MMC! kicks off a new year of imagined releases of favourite movies (and various other miscellany) with one of 2019’s favourite short film discoveries — Matthew Rankin’s Negativipeg (2010). Rankin’s The Twentieth Century (2019) was a favourite of the 2019 Saskatoon Fantastic Film Festival and MMC! happily gorged itself on Rankin’s various short works as well. Both the shorts and Rankin’s first feature are typified with DIY inventiveness, satirical humour, and spectacular visuals that easily inherits the prairie postmodern tradition of filmmakers like Guy Maddin and John Paizs, however this post celebrates an outlier in Rankin’s filmography.

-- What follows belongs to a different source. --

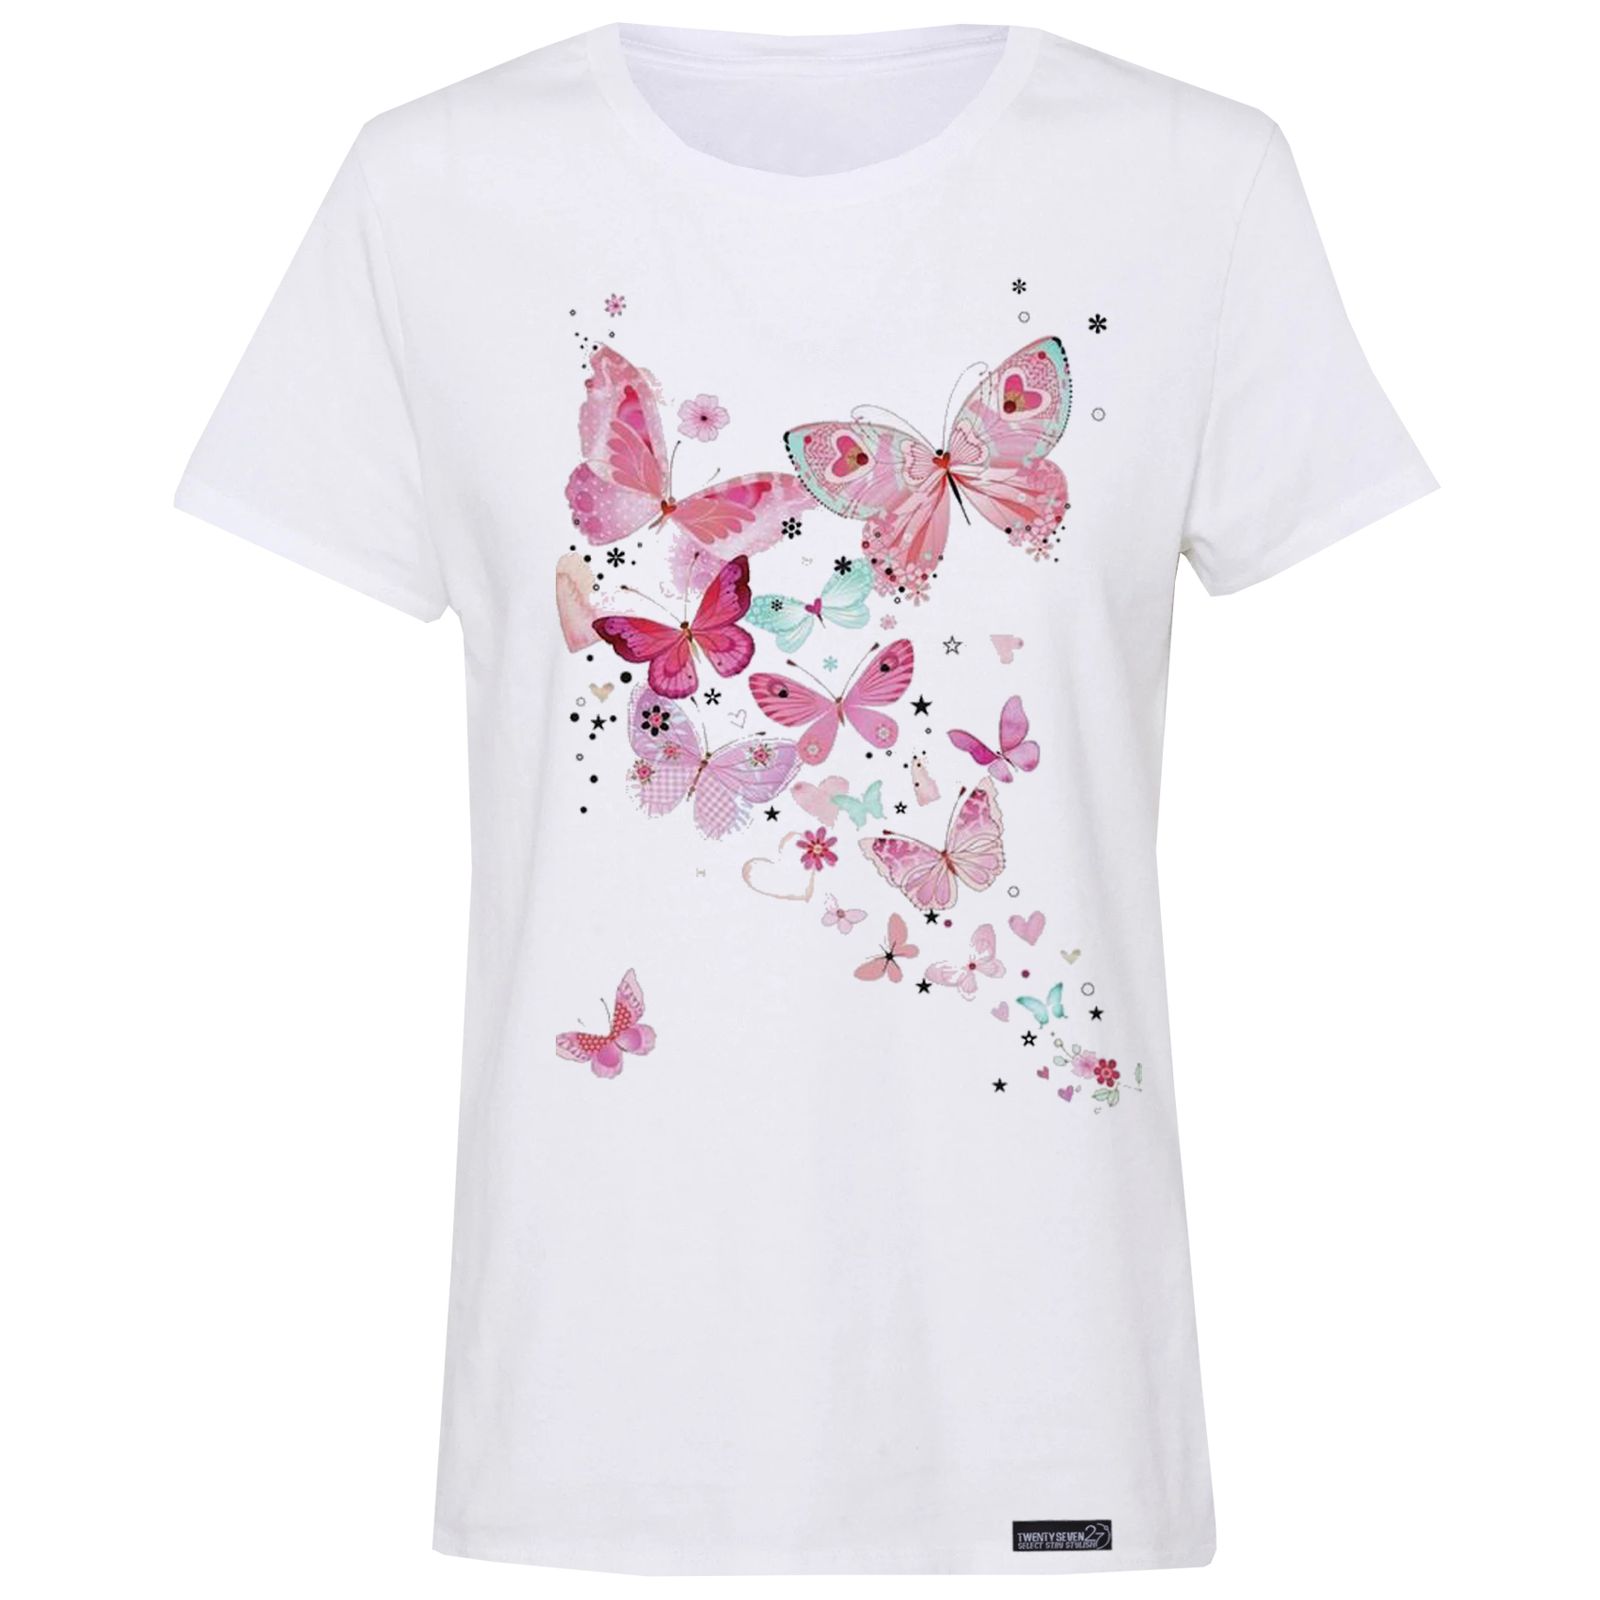 تی شرت آستین کوتاه زنانه 27 مدل پروانه کد WN829 -  - 2
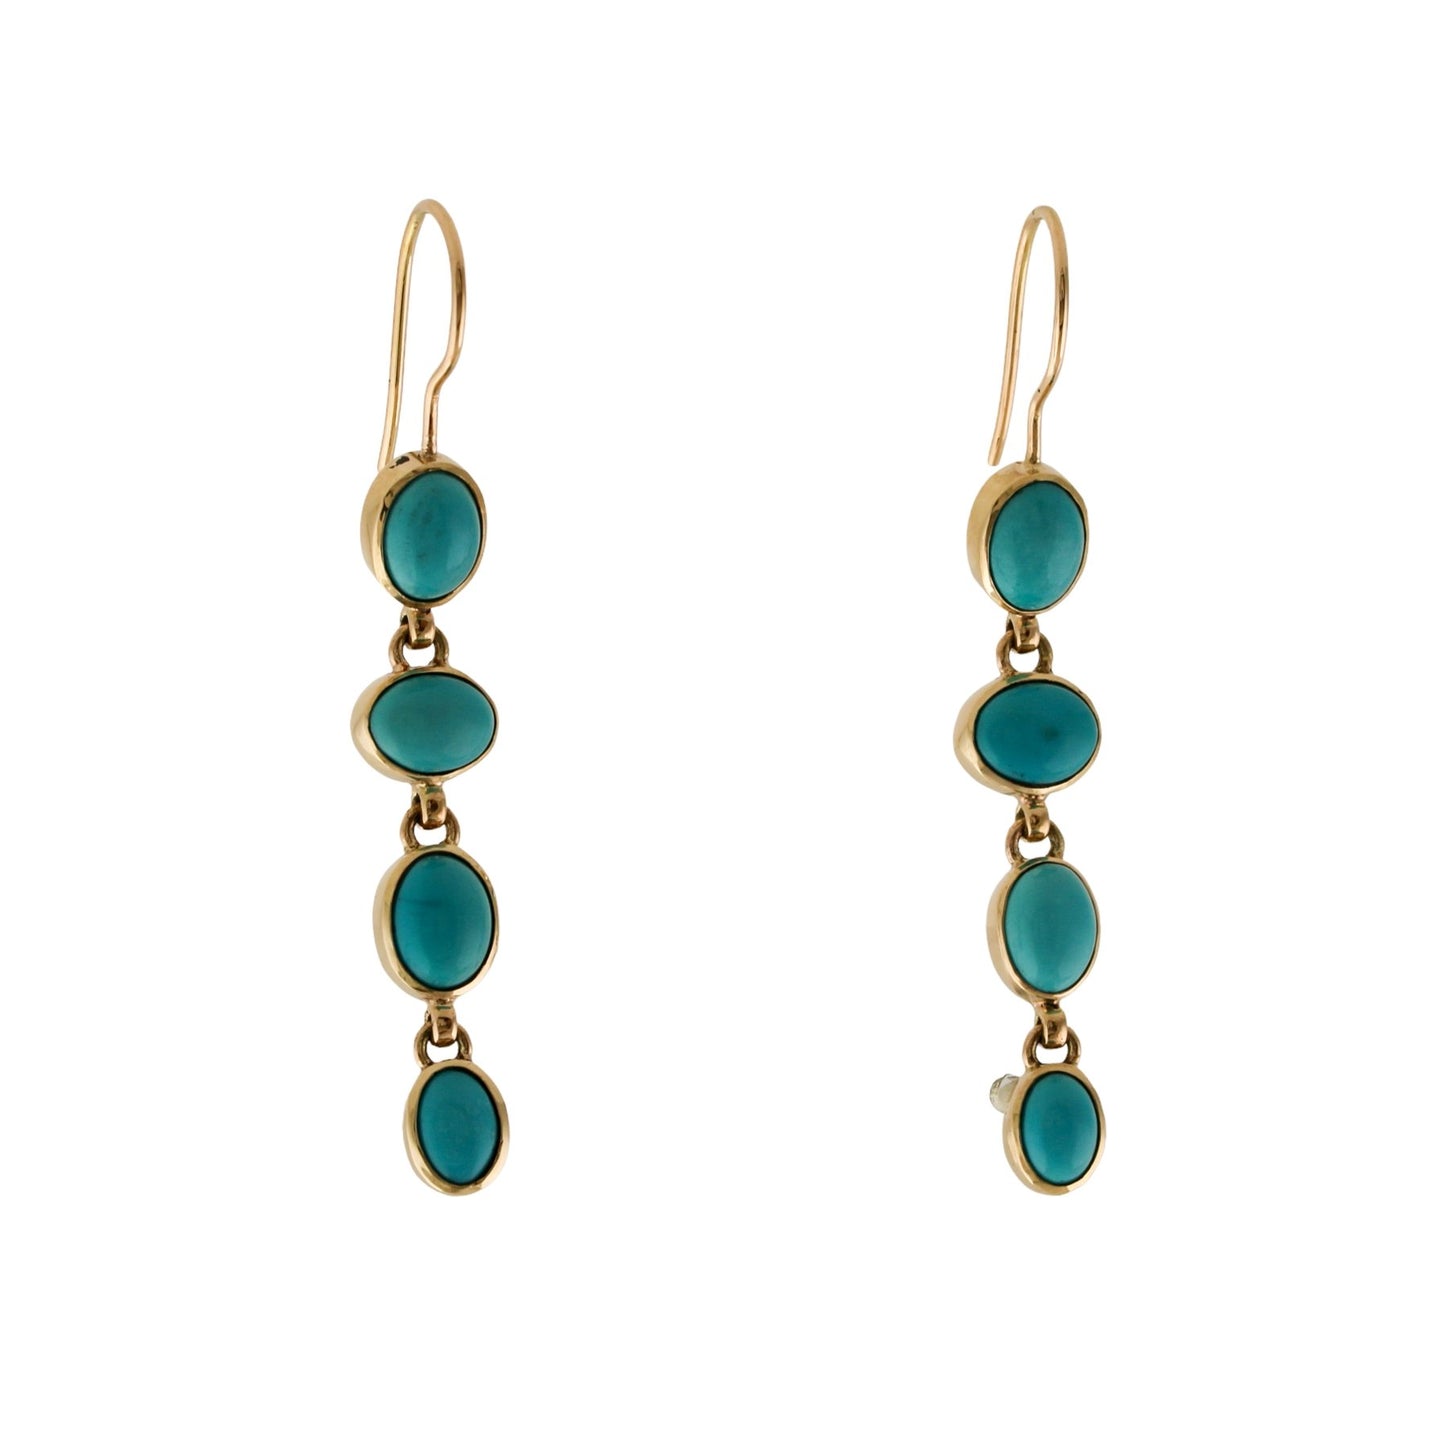 Sleeping Beauty Turquoise Drop Earrings - Kingdom Jewelry

Negativipeg is a fascinating documentary on Rory Lepine’s 1985 encounter in a 7-Eleven with Winnipeg rock legend, Burton Cummings of The Guess Who. Lepine, who was 19 when he put the boots to Burt in that North End Sev’, served 4 months in prison for the beating given to Cummings and the incident became emblematic of the longstanding tension between the musician and his former hometown, neither of whom felt loved enough in the eyes of the other. While lacking the visual wonder of Rankin’s later work, the short is captivating and easily stands as the most Winnipeg-like thing I’ve ever seen on screen – the shuttered homes, the bleakness of winter, Lepine’s particular accent and his code for life in the North End, the love-hate relationship toward Cummings and the ongoing question of his local credentials after getting big, and the Pizza Pops. Rankin dresses Negativipeg in droll Errol Morris-like eccentricity and incisiveness, creating something that is equal parts hilarious, tragic, and perplexing and all conveyed in an exceptionally local vernacular. As wonderful as Guy Maddin’s My Winnipeg (2007) may be, Rankin’s Negativipeg may cut even closer to the bone in revealing the city’s essence.